• _Task directions_: Using the listing below, copy exactly the lines from the one containing "Opracowanie: kpt. Piotr Kuligowski" to the one containing "Sophie Straat's protestlied", both lines included, and no others.

• _Source data_:

....

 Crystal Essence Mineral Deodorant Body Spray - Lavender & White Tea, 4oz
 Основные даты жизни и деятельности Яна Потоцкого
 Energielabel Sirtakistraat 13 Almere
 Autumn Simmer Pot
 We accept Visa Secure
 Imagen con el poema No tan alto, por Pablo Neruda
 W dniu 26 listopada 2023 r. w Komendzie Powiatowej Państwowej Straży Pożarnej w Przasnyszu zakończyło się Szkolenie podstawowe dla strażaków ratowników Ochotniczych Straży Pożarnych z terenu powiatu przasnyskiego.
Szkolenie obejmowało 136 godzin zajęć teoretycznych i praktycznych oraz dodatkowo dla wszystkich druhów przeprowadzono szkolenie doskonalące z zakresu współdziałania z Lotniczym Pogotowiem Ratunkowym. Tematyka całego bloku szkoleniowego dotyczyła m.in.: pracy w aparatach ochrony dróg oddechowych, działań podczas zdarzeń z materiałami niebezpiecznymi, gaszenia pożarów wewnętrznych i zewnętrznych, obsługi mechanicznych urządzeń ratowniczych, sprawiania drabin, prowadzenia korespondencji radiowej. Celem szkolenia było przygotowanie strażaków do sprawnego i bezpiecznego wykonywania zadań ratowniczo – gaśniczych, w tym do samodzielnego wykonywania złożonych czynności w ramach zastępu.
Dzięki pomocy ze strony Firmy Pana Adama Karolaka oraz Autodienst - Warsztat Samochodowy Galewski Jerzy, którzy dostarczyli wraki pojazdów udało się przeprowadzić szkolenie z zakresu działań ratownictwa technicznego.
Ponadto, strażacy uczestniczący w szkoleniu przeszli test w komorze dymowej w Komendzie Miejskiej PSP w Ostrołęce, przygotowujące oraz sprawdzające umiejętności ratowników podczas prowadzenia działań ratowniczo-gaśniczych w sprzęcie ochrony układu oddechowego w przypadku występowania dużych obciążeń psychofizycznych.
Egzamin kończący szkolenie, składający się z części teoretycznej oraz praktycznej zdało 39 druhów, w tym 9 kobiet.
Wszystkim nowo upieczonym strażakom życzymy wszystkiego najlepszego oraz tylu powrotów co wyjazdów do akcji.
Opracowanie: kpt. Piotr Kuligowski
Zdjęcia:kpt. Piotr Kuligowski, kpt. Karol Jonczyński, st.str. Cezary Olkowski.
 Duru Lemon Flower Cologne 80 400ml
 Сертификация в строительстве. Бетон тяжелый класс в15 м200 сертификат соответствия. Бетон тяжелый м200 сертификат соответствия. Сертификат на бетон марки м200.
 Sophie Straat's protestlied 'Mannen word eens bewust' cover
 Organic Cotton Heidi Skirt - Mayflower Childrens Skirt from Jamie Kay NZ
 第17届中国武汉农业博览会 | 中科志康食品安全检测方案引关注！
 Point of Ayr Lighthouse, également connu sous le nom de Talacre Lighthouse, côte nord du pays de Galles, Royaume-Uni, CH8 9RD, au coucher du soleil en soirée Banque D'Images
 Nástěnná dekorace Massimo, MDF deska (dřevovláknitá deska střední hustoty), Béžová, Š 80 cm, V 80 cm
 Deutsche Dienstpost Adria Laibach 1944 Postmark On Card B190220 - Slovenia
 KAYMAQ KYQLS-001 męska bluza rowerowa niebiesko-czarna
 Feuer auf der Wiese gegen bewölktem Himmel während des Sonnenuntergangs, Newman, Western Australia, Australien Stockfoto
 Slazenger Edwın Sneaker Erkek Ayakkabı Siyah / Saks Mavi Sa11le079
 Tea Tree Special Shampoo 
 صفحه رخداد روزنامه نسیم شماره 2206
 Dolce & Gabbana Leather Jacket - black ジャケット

....

• _Solution to this exercise_:
Opracowanie: kpt. Piotr Kuligowski
Zdjęcia:kpt. Piotr Kuligowski, kpt. Karol Jonczyński, st.str. Cezary Olkowski.
 Duru Lemon Flower Cologne 80 400ml
 Сертификация в строительстве. Бетон тяжелый класс в15 м200 сертификат соответствия. Бетон тяжелый м200 сертификат соответствия. Сертификат на бетон марки м200.
 Sophie Straat's protestlied 'Mannen word eens bewust' cover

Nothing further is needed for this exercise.